По сути, он больше ничего и не сказал. Лишь посоветовал связаться с моими старыми знакомыми и попросить рассказать, как все было. Будто я сам об этом никогда не думал! Это невозможно. Я не хочу, не хочу вновь видеть эти лица, снова краснеть перед ними, пряча руки в карманы. Поэтому я никогда не смогу вспомнить, как все на самом деле было. Была ли та жизнь, которая сохранилась в моей памяти, или все это – ложь? Не знаю.
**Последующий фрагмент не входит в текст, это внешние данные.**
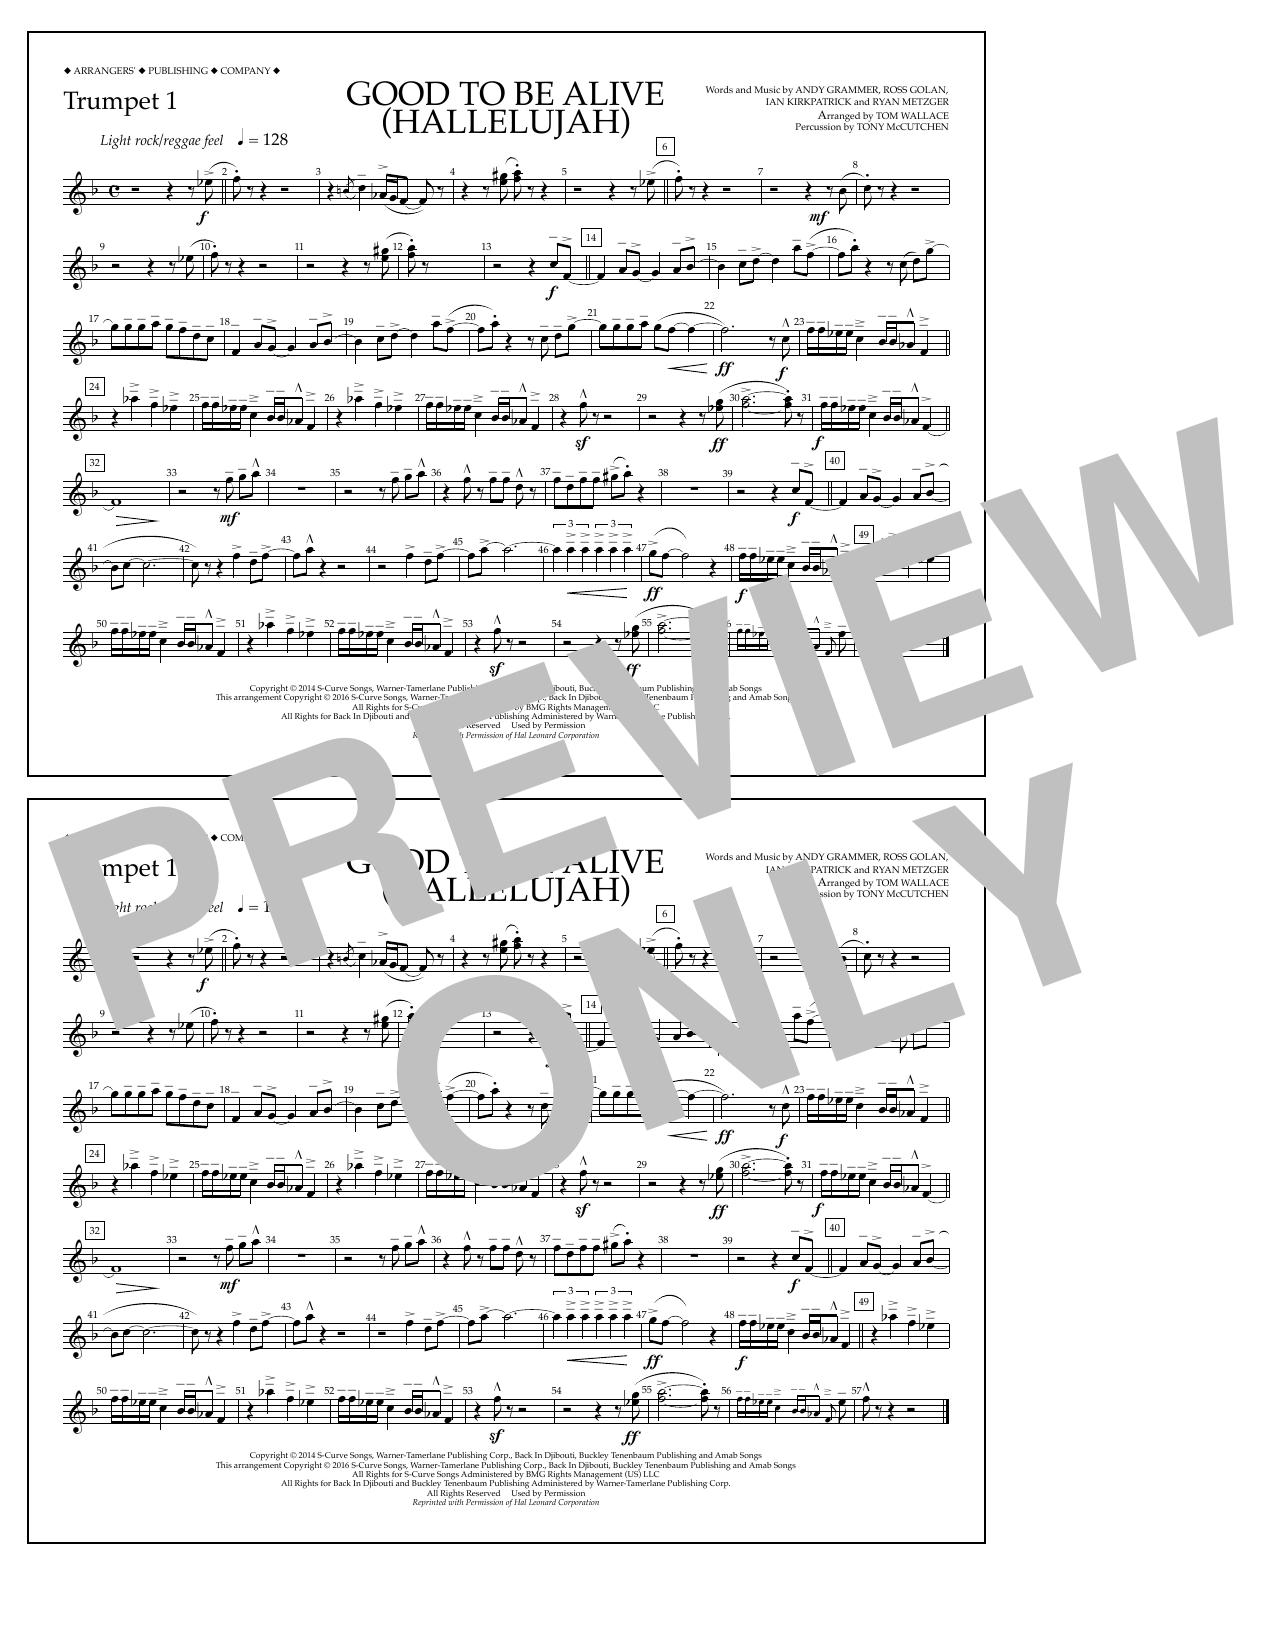 Andy Grammer - Good to Be Alive (Hallelujah) - Trumpet 1

Каждую ночь я лежу в мокрой от пота постели, смотрю в потолок. Я ловлю воображаемым сачком какое-то воспоминание, кручу в руках, разглядываю его, пытаюсь понять: настоящее оно или мнимое. Но ничего не выходит, я выпускаю его на волю, и ловлю следующее, следующее, следующее, следующее и так до тех пор, пока не забудусь сном.

Мне часто снится, будто я сижу на влажном песке, у моря – там, где влажность повсюду. Я смотрю на горизонт, слышу шелест крыльев и чьи-то легкие шаги у себя за спиной. Я поворачиваюсь, щурюсь, но никого не вижу. Никого нет. Я один. Но что это там блестит в кустах? Это маленький деревянный ларчик с моим именем на крышке. Как он попал сюда? Я знаю, что в нем, знаю, что он принадлежит мне, но не могу открыть! Замок сковывает железные петли, и я не могу освободить свою память. Ключ потерялся. Я просыпаюсь.